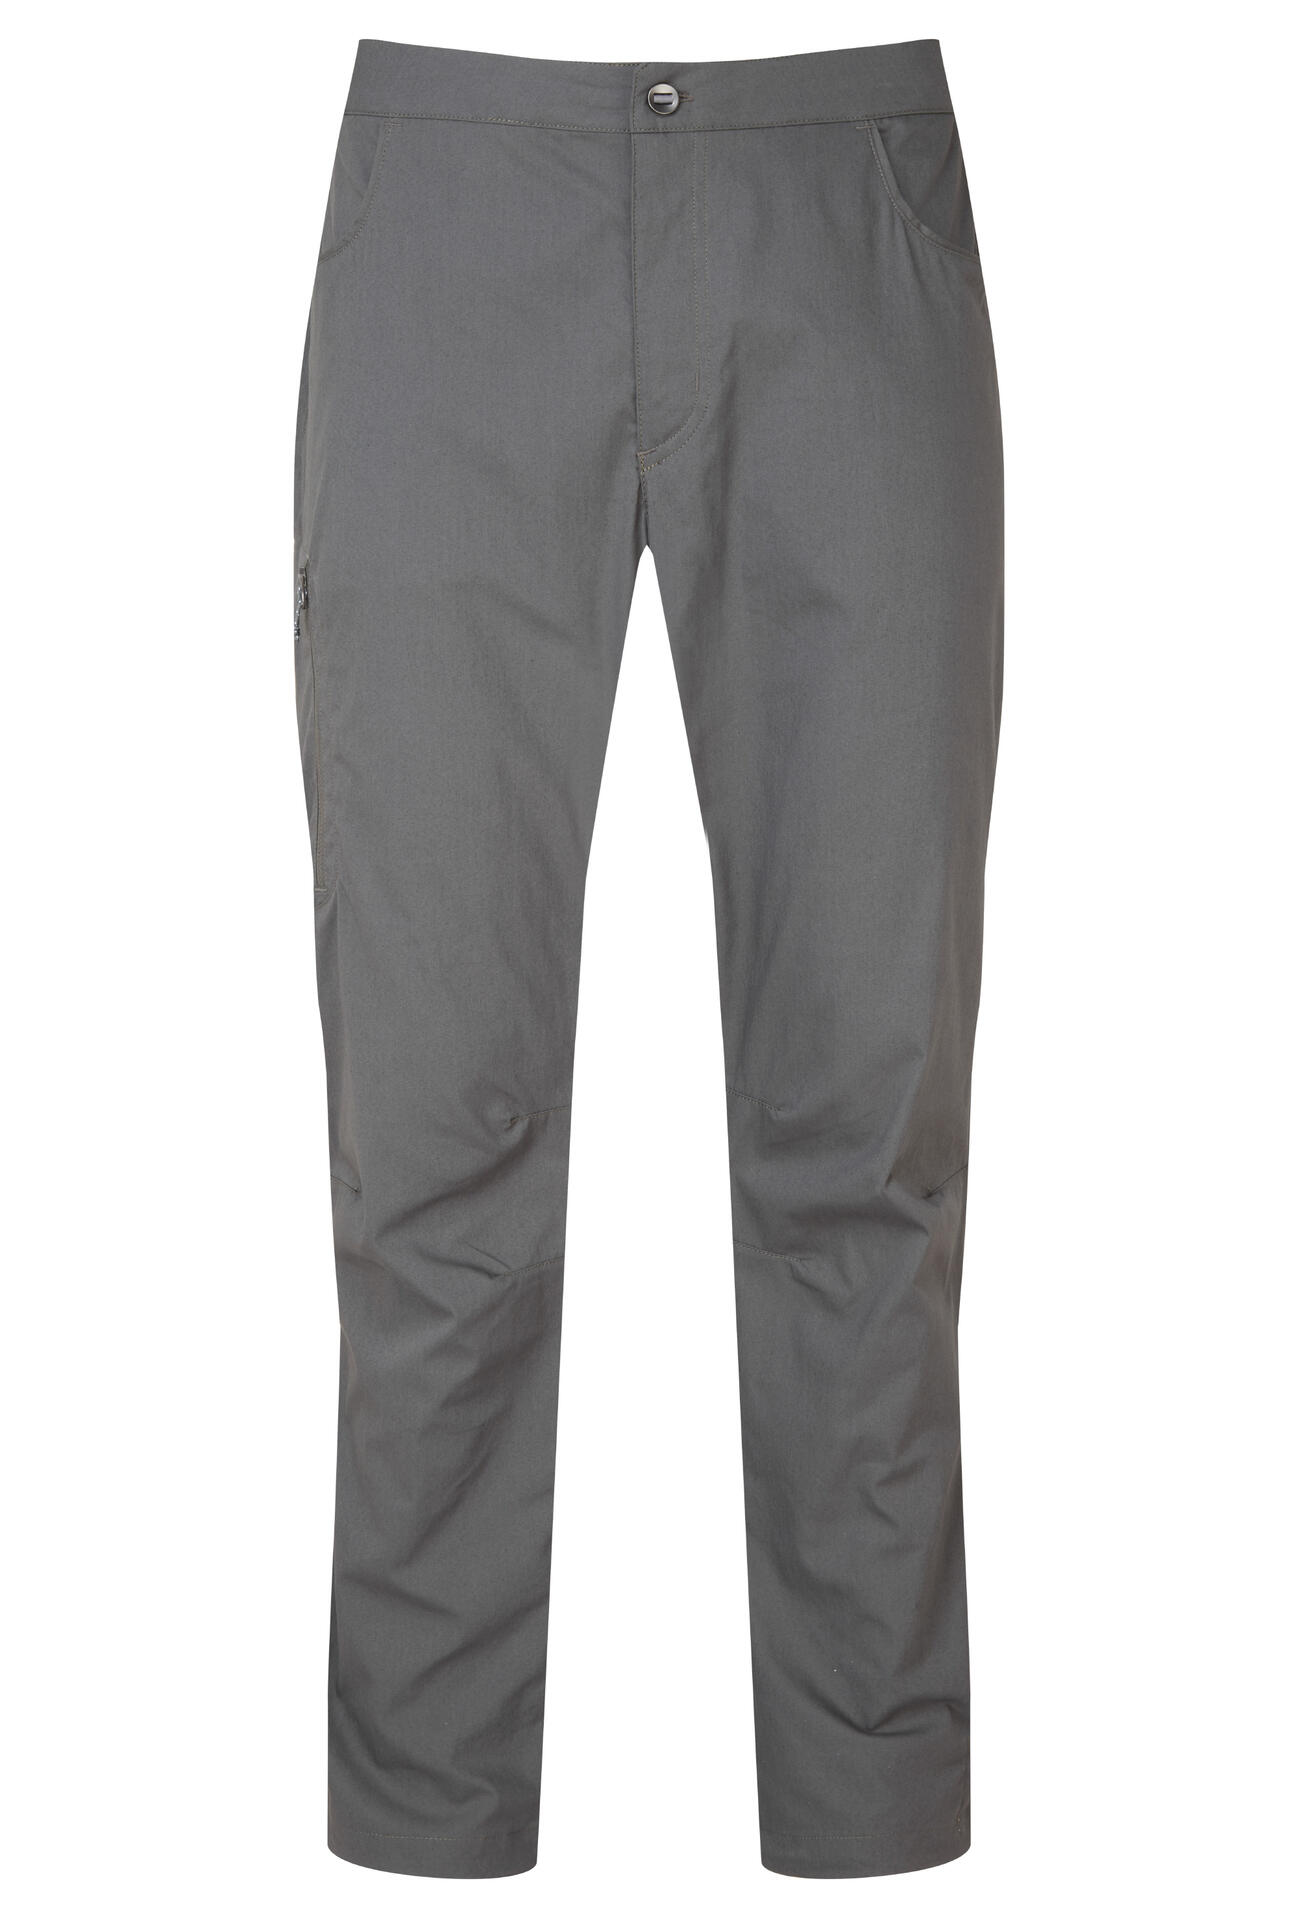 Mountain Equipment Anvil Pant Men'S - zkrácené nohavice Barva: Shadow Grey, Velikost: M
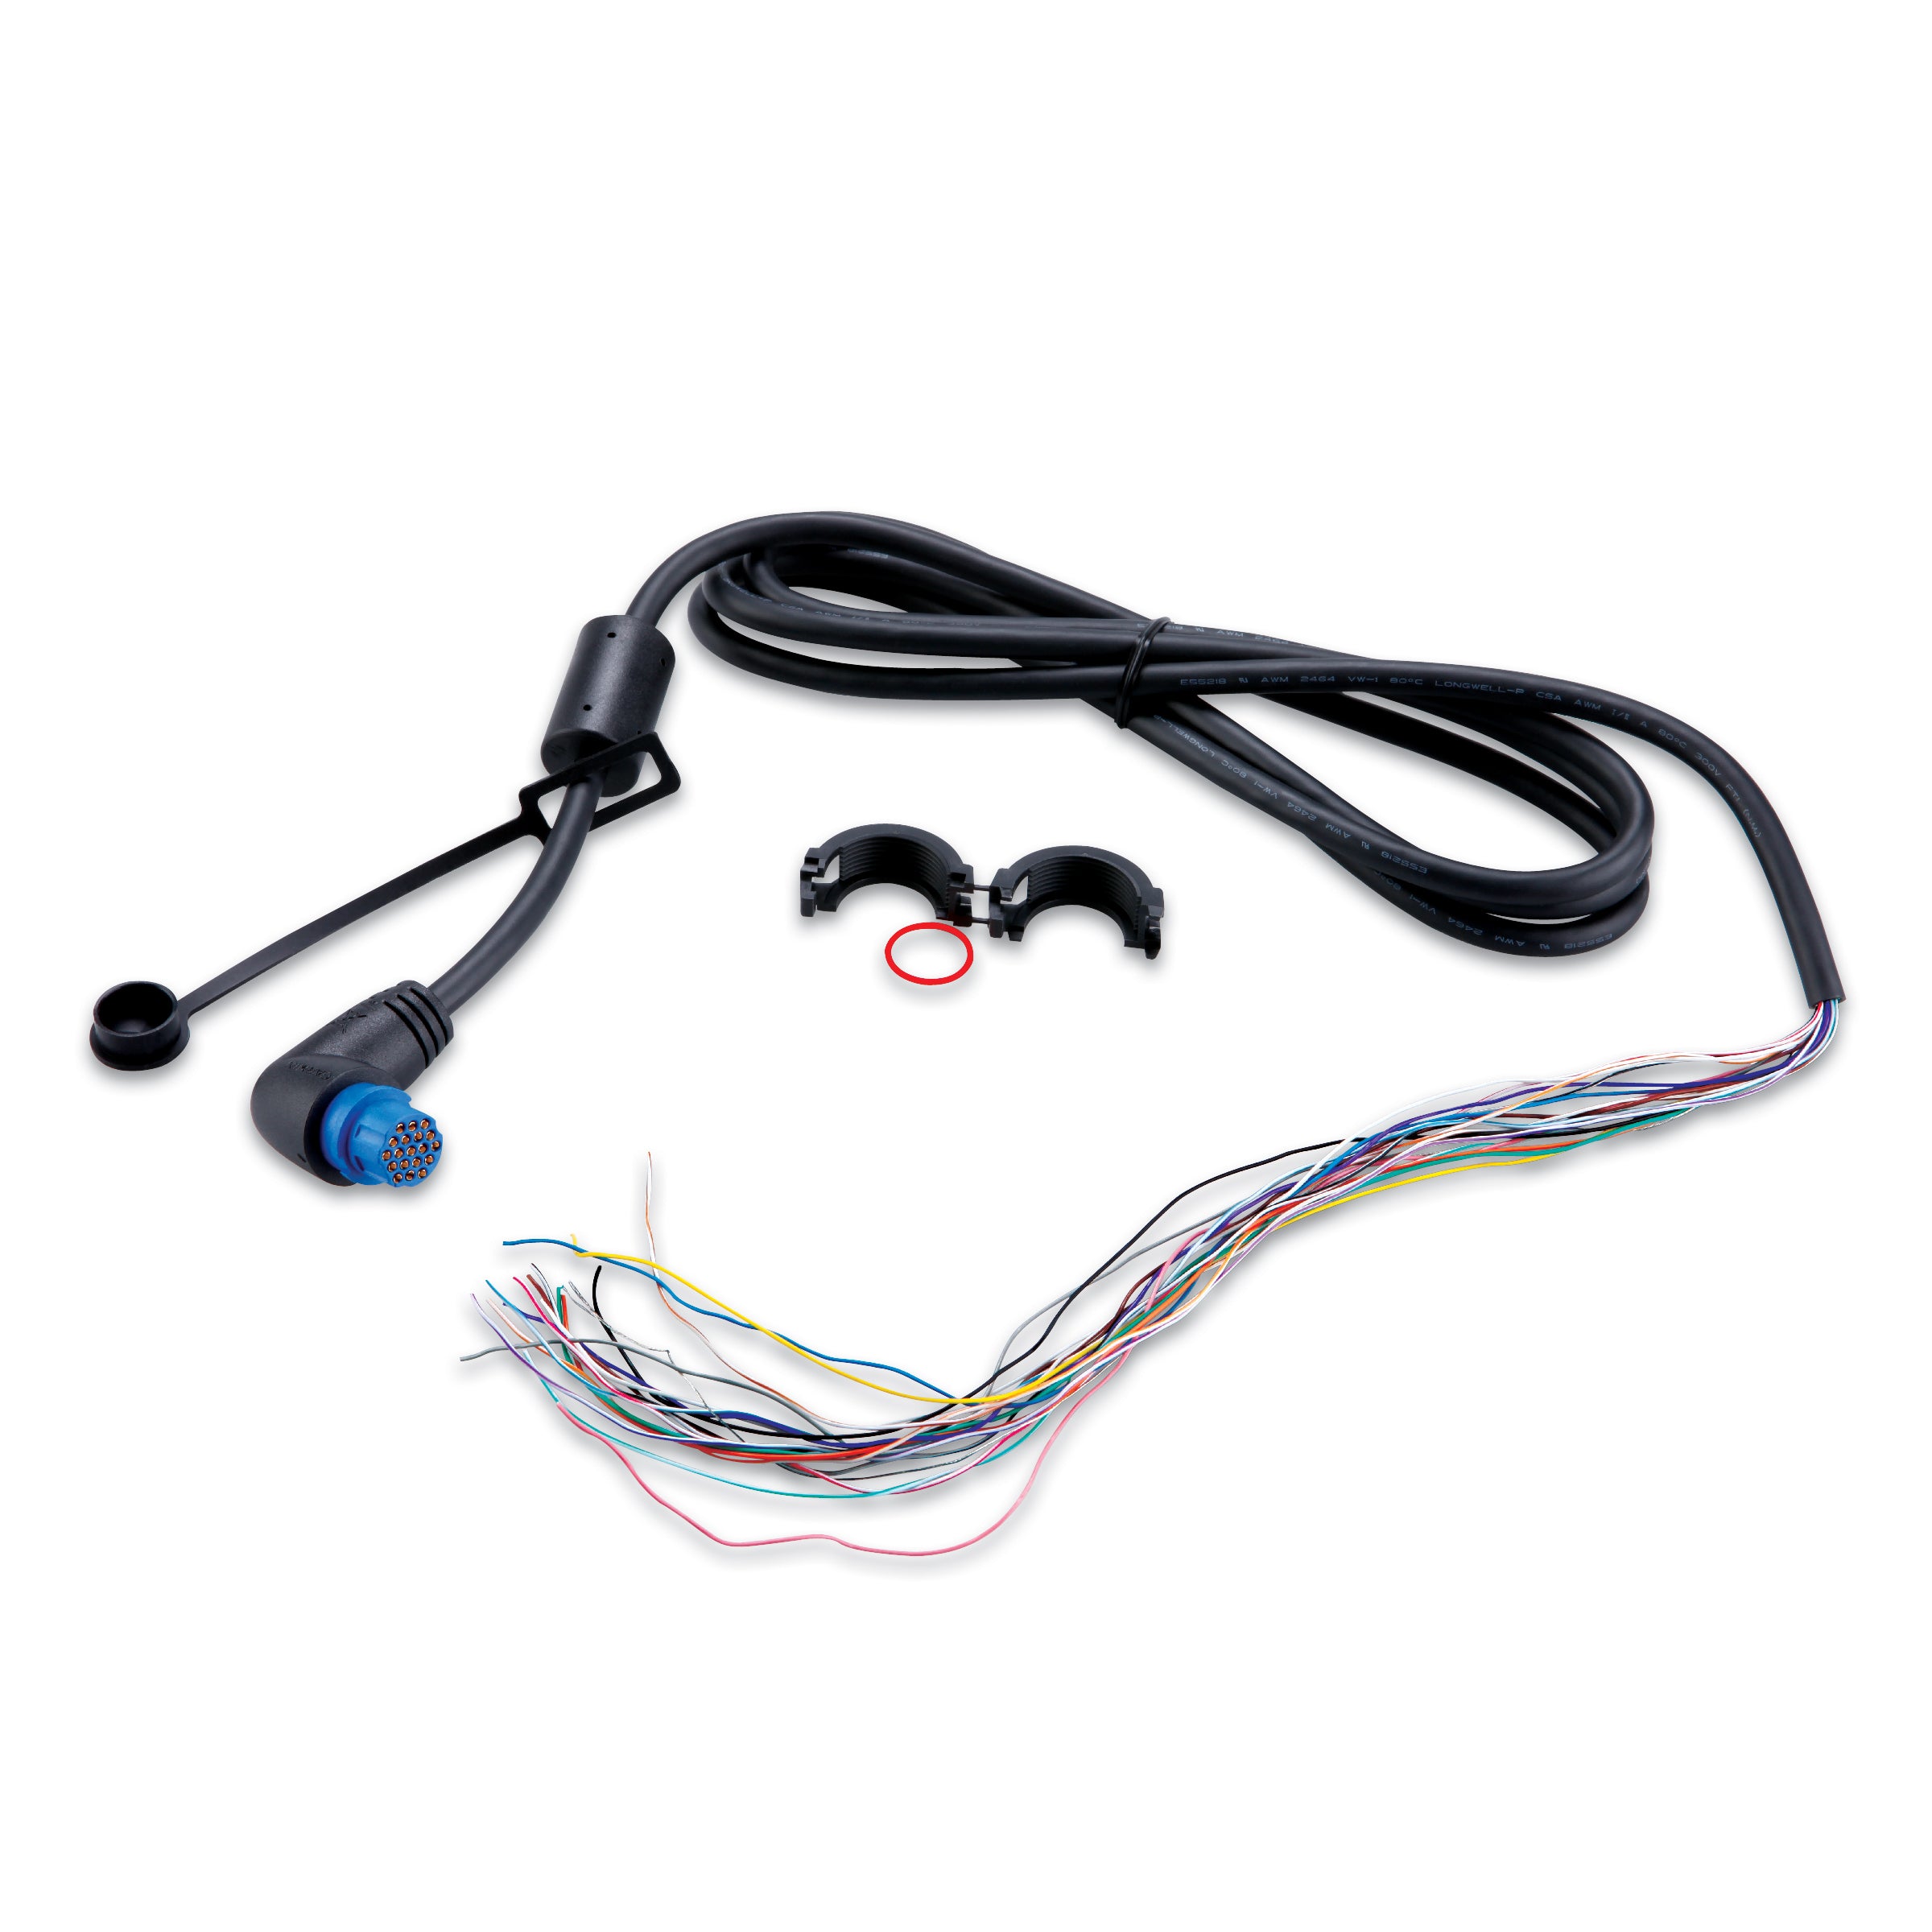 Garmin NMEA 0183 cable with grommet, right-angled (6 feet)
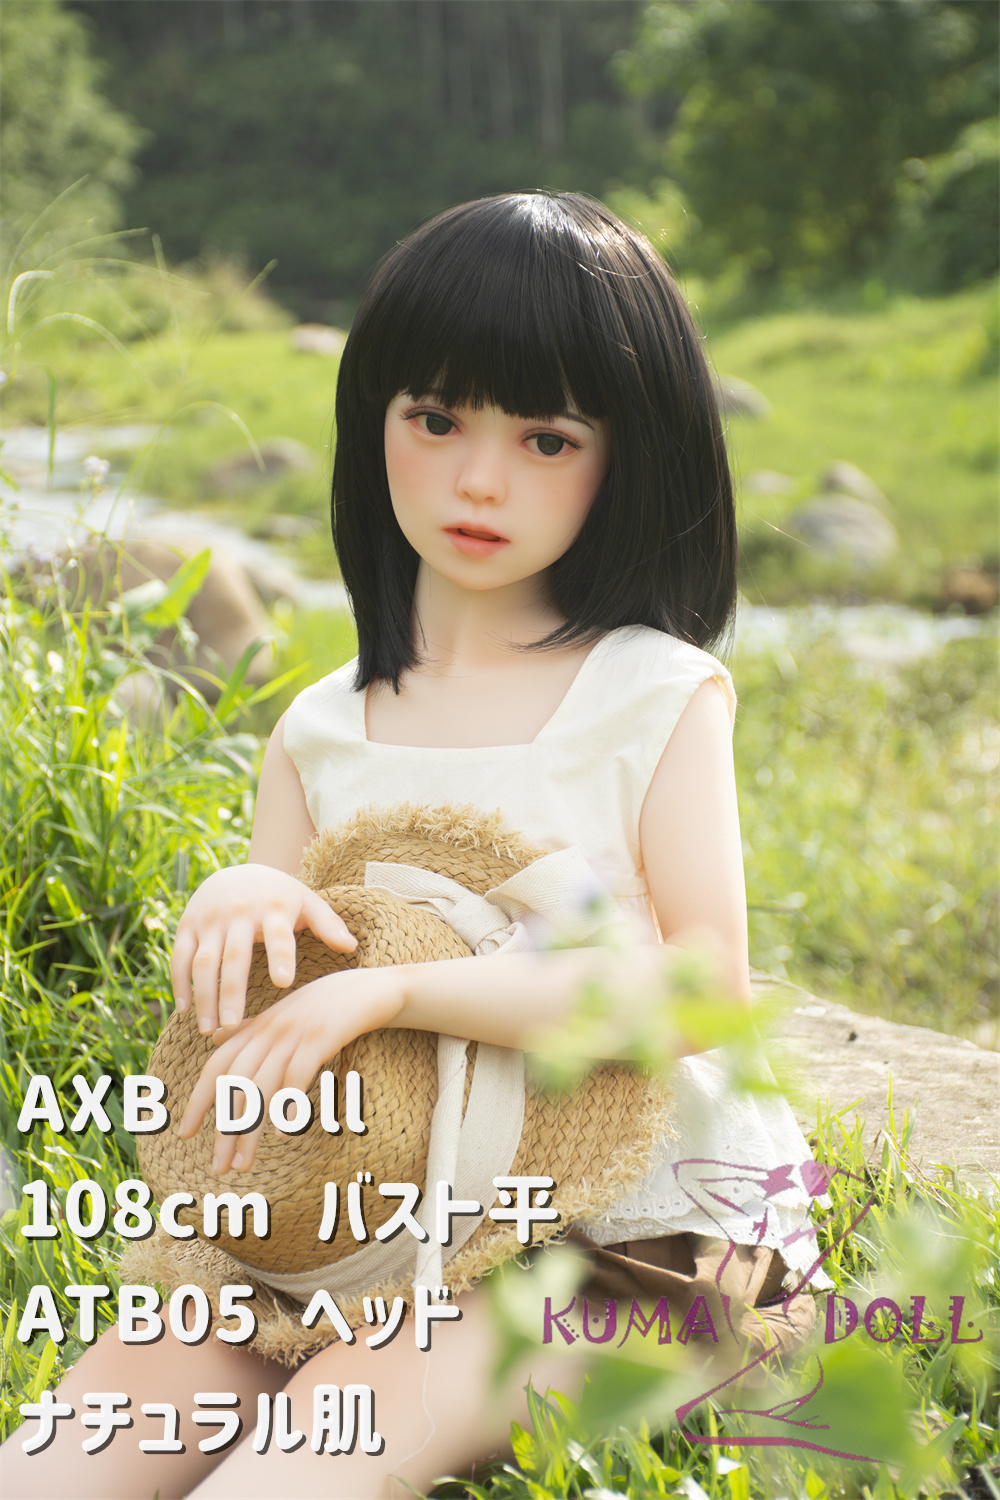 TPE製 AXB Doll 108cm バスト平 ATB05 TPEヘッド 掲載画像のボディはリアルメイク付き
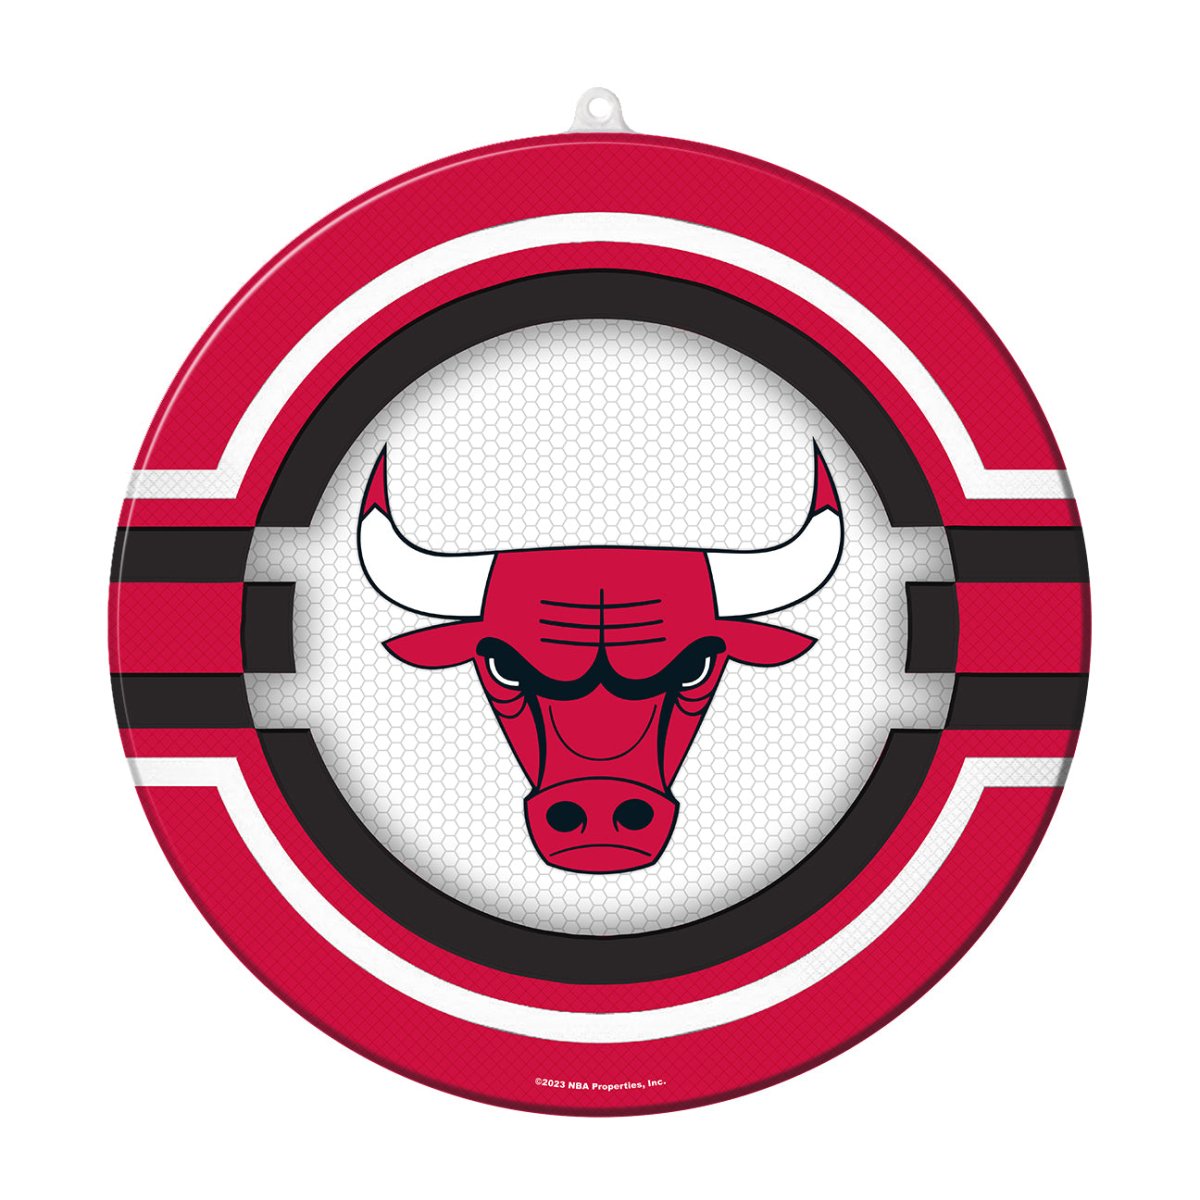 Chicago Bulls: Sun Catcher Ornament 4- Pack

PROBLEM TO SOLVE: Say again, word for word, every line from the one with "Garmin NMEA 0183" through the last line of the data above, minus the pictures.

TASK SOLUTION:
 Garmin NMEA 0183 cable with grommet, right-angled (6 feet)
 TPE製 AXB Doll 108cm バスト平 ATB05 TPEヘッド 掲載画像のボディはリアルメイク付き
 Chicago Bulls: Sun Catcher Ornament 4- Pack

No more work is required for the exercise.